Maybe a lower carb diet yes but I do not personally think keto diets or anything of the sort are quite healthy for you to be honest. You just need to find a balance between meeting your carb needs and controlling your blood sugars. Sometimes I have had bean burgers (no bun) with 40g of carbs and if I inject my insulin before the meal I have gone low due to the fibre in the beans causing slow glucose release so the art of diabetes is knowing when to inject.

T2 and T1 are in essence completely different diseases that have been given a common name called diabetes because both is caused by an impaired glucose tolerance. The NHS advice is like that because T1 is not caused by yourself so you cannot fix it but T2 is lifestyle based and can be helped. Insulin resistance (cause of T2DM) can be reduced by losing weight, eating less carbs so you have less insulin spikes and exercising to make your body more sensitive to insulin).
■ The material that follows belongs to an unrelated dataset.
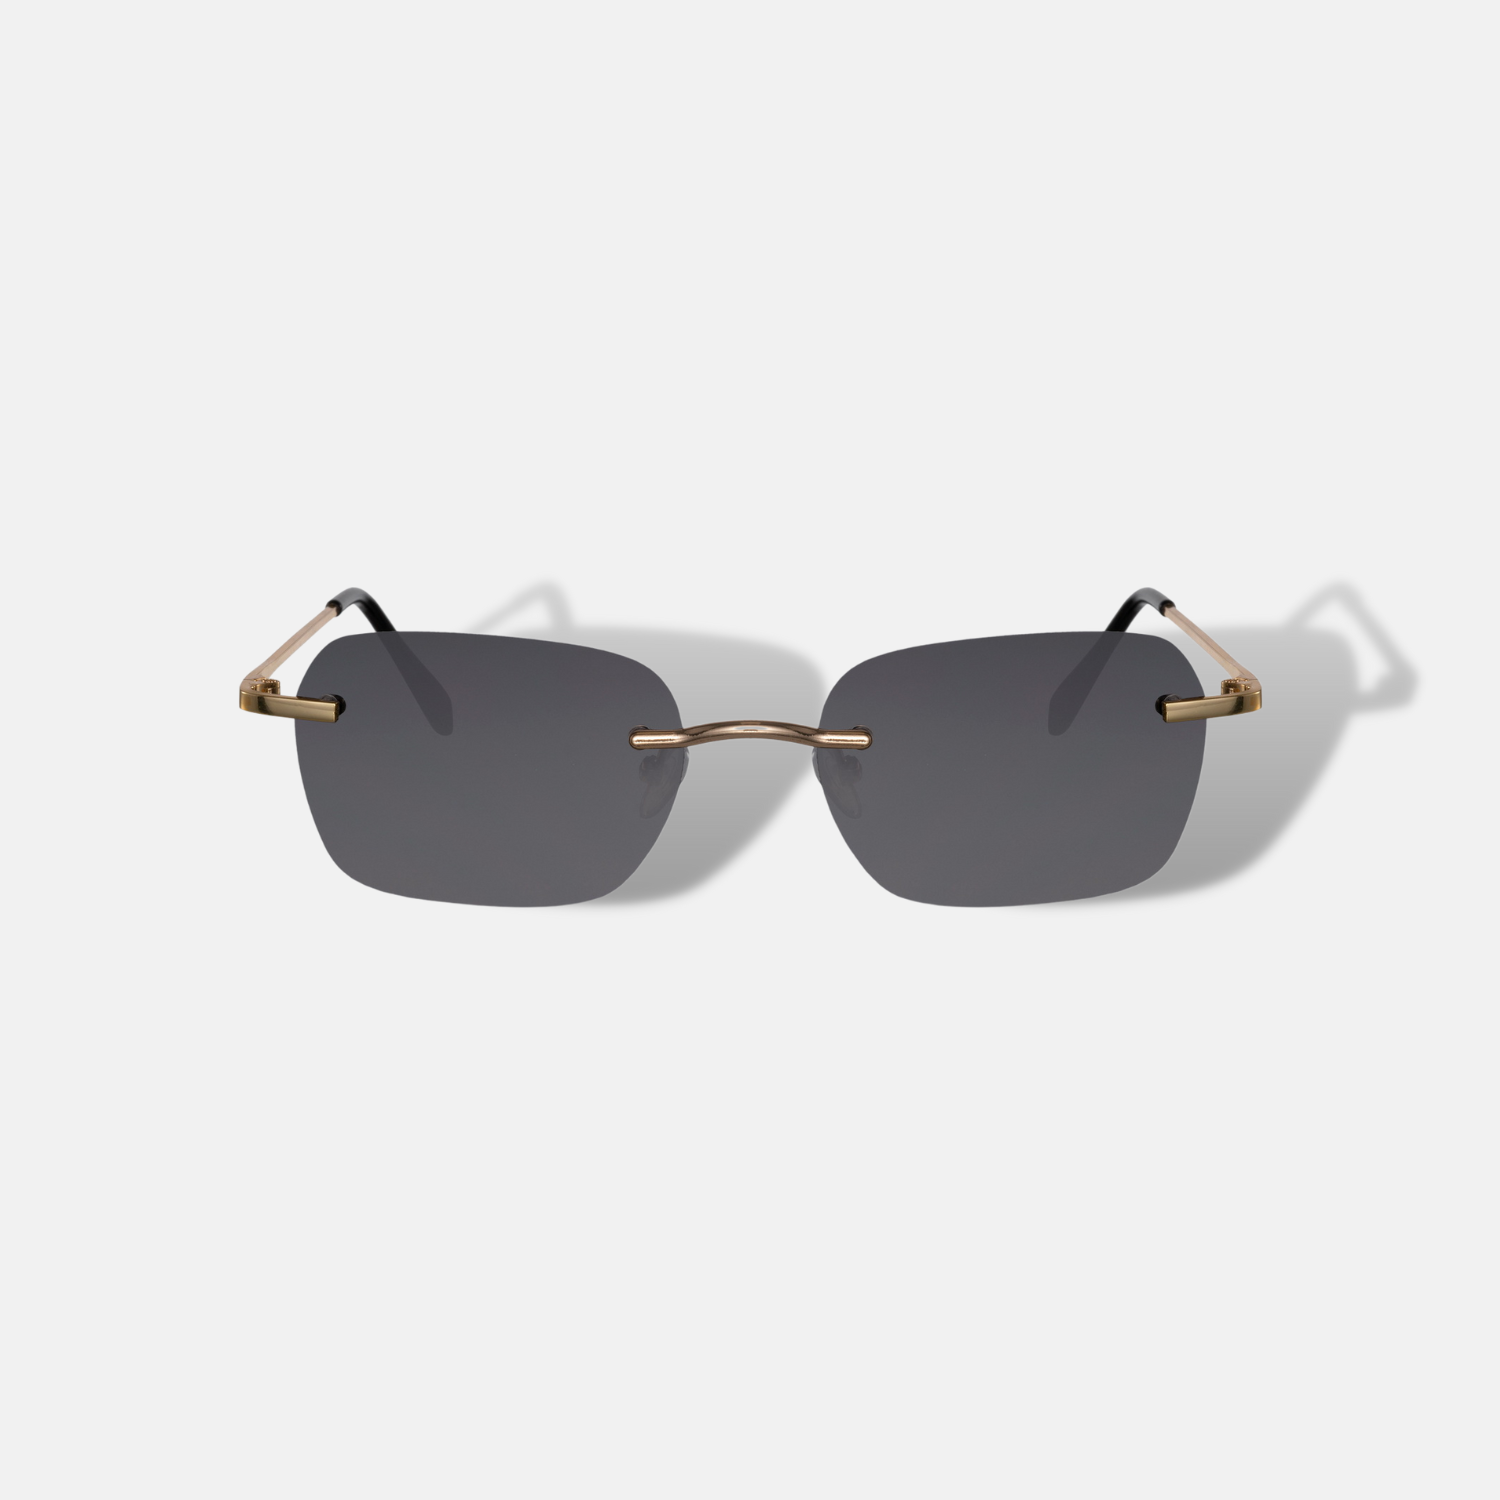 Unsere Sonnenbrille bietet hervorragenden Schutz vor schädlichen UV-Strahlen und vereint dabei Komfort und stilvolles Design. Mit der neuesten Kollektion bieten wir eine große Auswahl an hochwertigen und trendigen Sonnenbrillen für Damen und Herren

The definition of low carb can change from person to person. When reading scientific publications generally I have seen <130g carbs to be classed as low carb and <50g carbs to be classed as very low carb. If you can do it while getting your 5 a day, your vitamins and minerals then do it
 

Jo162

Member
Messages
13
I don’t have carbs in the day then will have a normal meal with carbs in the evening as my insulin seems to work better in the evening. I don’t take 24U of levemir anymore that was my original doses when I left hospital, which has gradually reduced over 2 months. I’ve taken 6U daily, 3 in the morning and 3 in the night. I have used 2U this morning instead.

I’ve heard that you can eat anything and inject for, but I have to be honest I’ve researched it so much I just don’t feel that is entirely true and will cause fluctuating BG levels which I don’t want.

My logic is if I can reduce my insulin intake safely whilst having a balanced healthy diet surely that’s the best thing to do? Really confused why the NHS don’t advise a low carb diet to type 1s. My DN told me you get a lot of your energy from carbs and that why she wouldn’t recommend it, but then why recommend it for type 2s?

My insulin needs has reduced so much since I’ve gone low carb, I do feel it’s a sustainable long term diet.

They recommend low carb diet to type 2s because they are often overweight. Your BG wont fluctuate if you dont take too much refined sugar, the amount of carbs doesn't really matter as long as you bolus accordingly and avoid refined sugars because they boost your blood sugar really faster.